2. Identity Disclosure. By sharing membership and other personal information over social media, users can be identified. This can be accomplished by collecting self-disclosed users’ personal information from their profile, such as their real name, race, gender, residence, education level, and occupation. To illustrate this issue, we randomly selected ten users and inspected their Twitter profile. It was found that nine out of ten users revealed their real face as their avatar, eight shared their location to a specific city, seven talked about their occupation or education level in their biography, six used their real name as their account name and two users made their date of birth public. With such information on hand, an attacker could find the person through a people search website, such as Intelius.com or InstantCheckMate.com.
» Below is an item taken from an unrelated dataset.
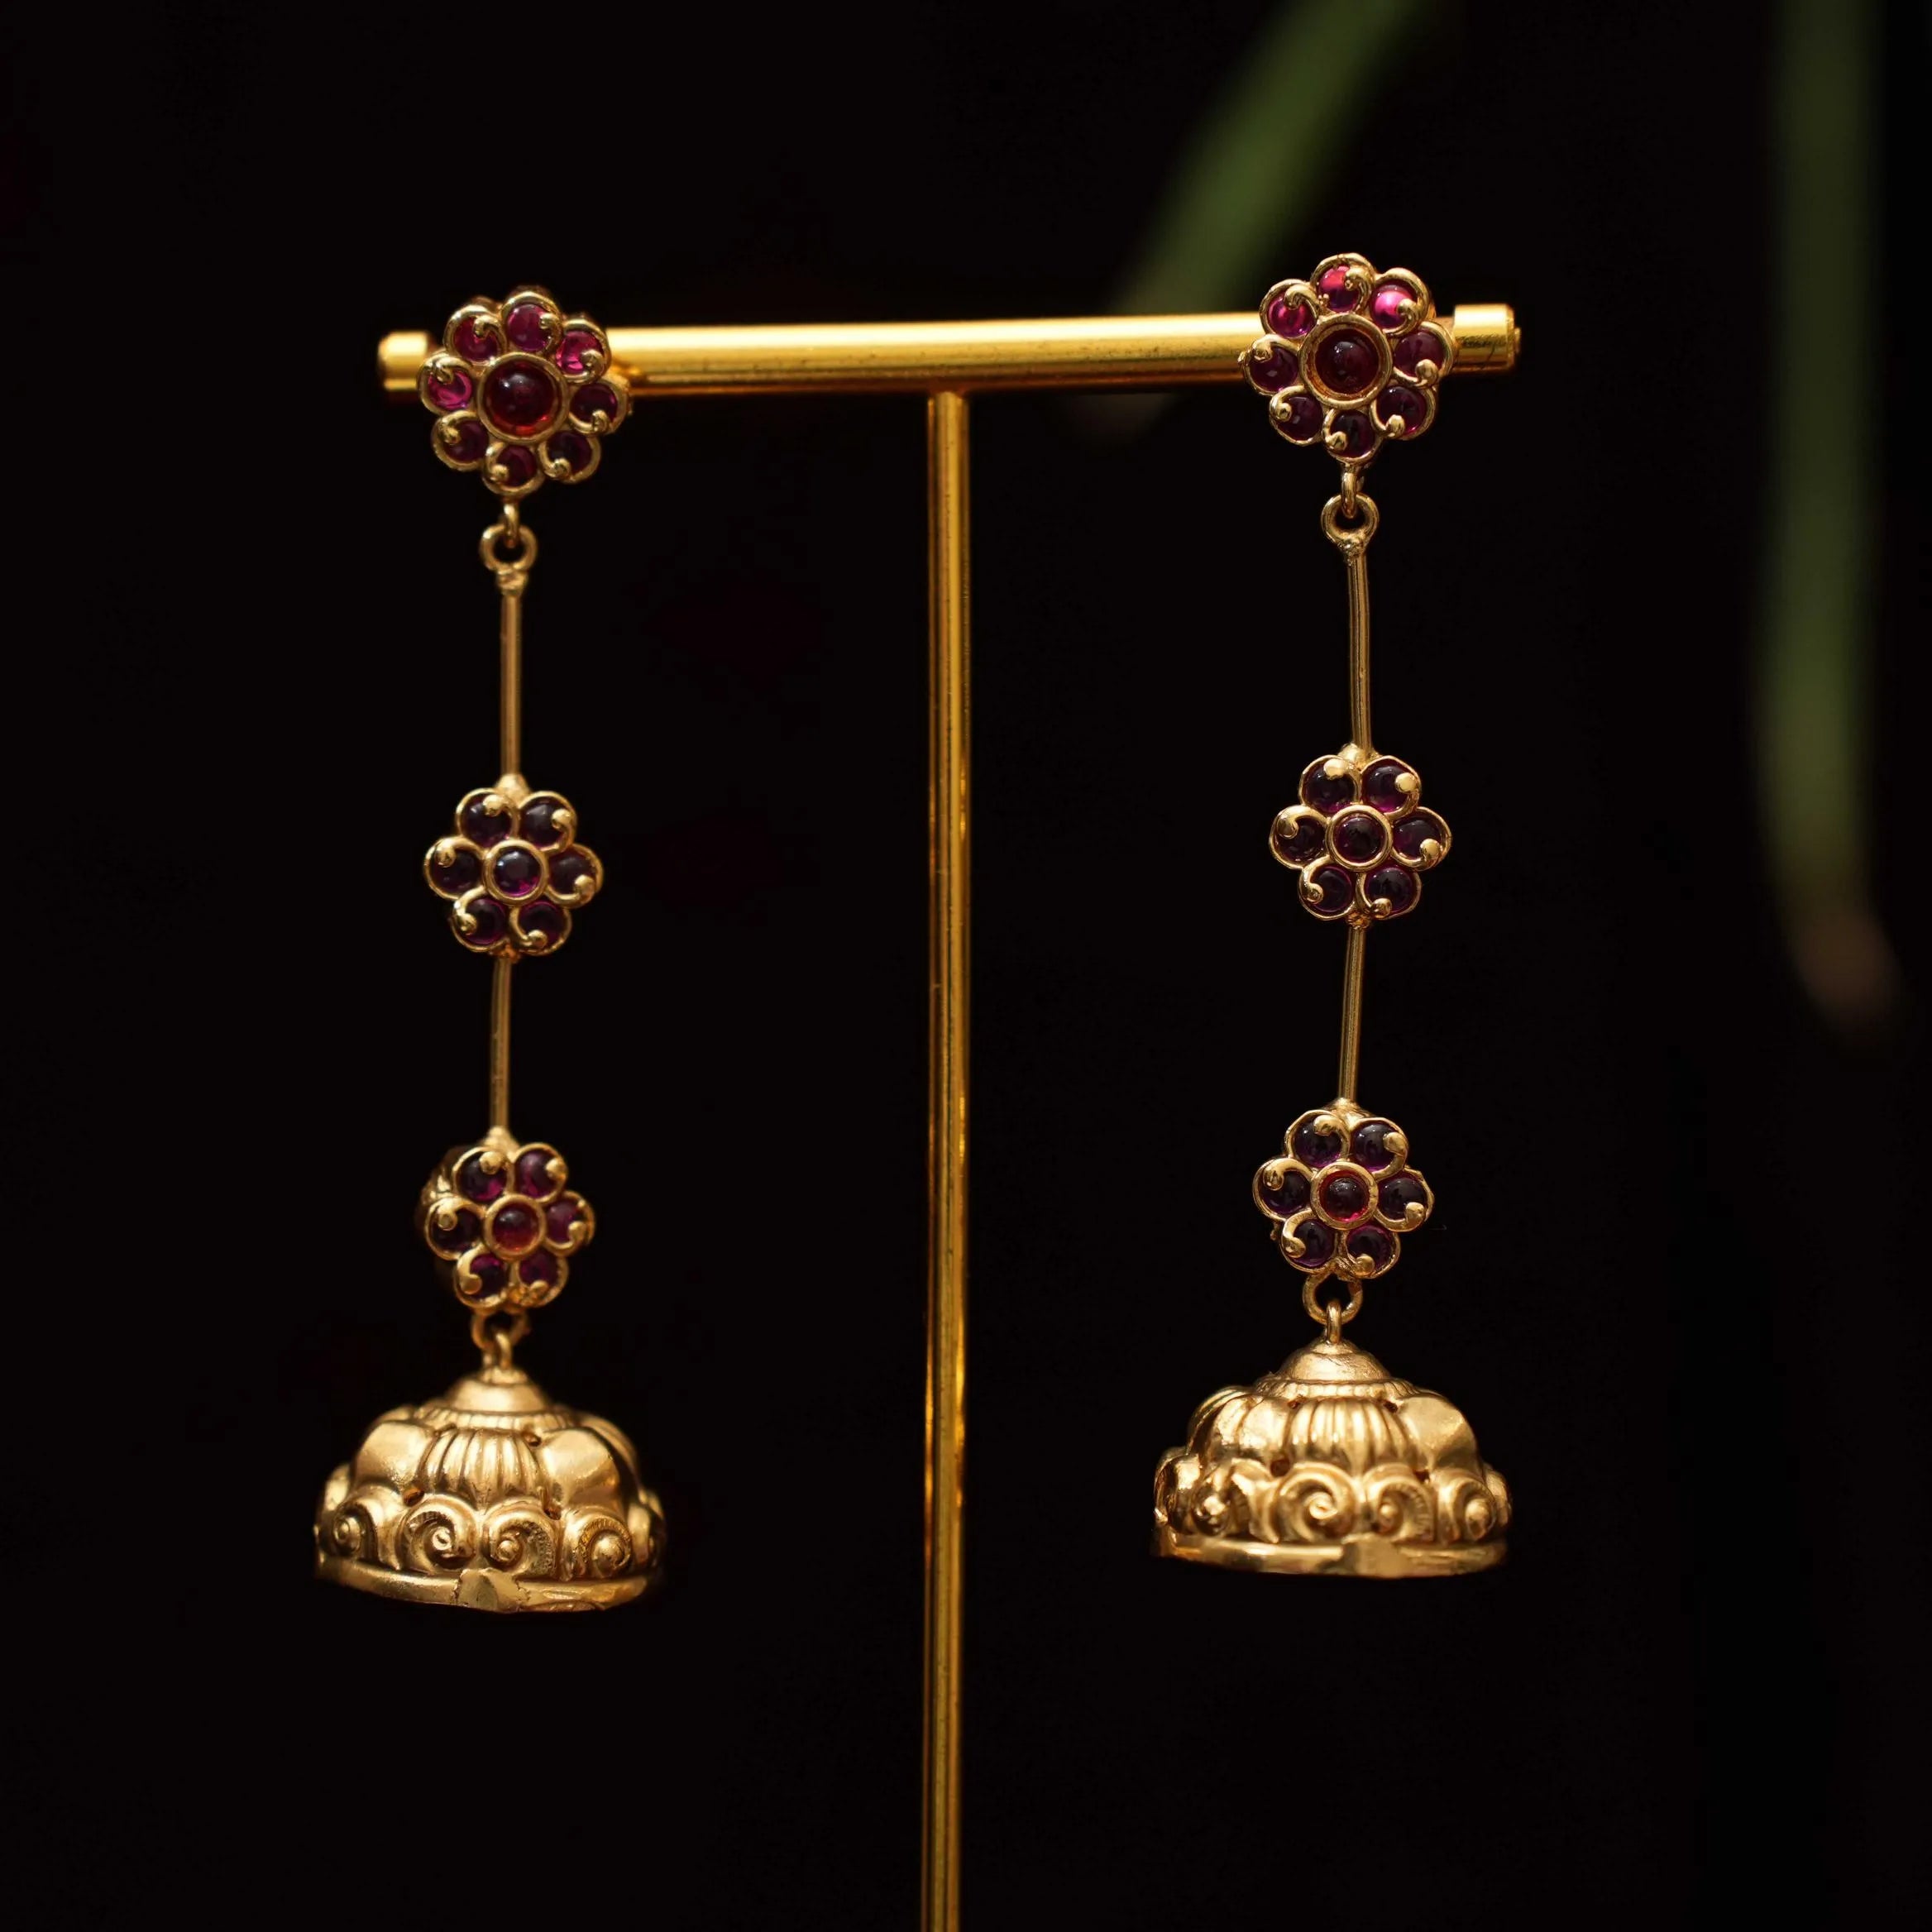 Pearla long earrings at Rs 1480.00, Chennai

Moreover, program-disclosed individuals are more readily identifiable because the story shared by programs often contains detailed information about the storyteller. In this case, we learn the volunteer’s personal information from the story, as well as their health information.
3. Attribute Disclosure. Research programs may publish their data to the public or share it with researchers in a de-identified fashion. However, if a malicious attacker has access to the cohort data, along with additional information about the self-disclosing participant (collected from the user’s social media profile), then the attacker can use such information as quasi-identifiers to link to the participant’s record in the cohort database. As mentioned earlier, Sweeney et al. showed that they could identify more than 40% PGP participants using their ZIP code, gender, and date of birth, and obtain participants’ sensitive information, such as medical conditions and DNA sequence15.
Discussion and Conclusion
This investigation illustrates that an individual’s membership in a biomedical research study can be disclosed in social media in several ways. We uncovered tweets that revealed the membership over 100 participants in 15 research programs. Approximately 80% of the tweets correspond to user self-disclosure, while the remaining correspond to disclosures made by the program organizer. We found that 39 out of 86 (45.3%) self-disclosed users have a positive attitude towards joined research project. The terms “proud”, “interest”, and “love” were communicated by multiple self-disclosers. The personal information reported in the profiles of the social media users increased the risk of identification, which increases the likelihood that an attacker could link to their record in a de-identified dataset about the cohort, leading to further privacy intrusions, such as the re-identification of genomic information. A program may disclose participants membership when they introduce volunteer and share their story to the public as a way to increase program influence and recruit more participants. These stories may contain personal information and sensitive health information about the volunteer.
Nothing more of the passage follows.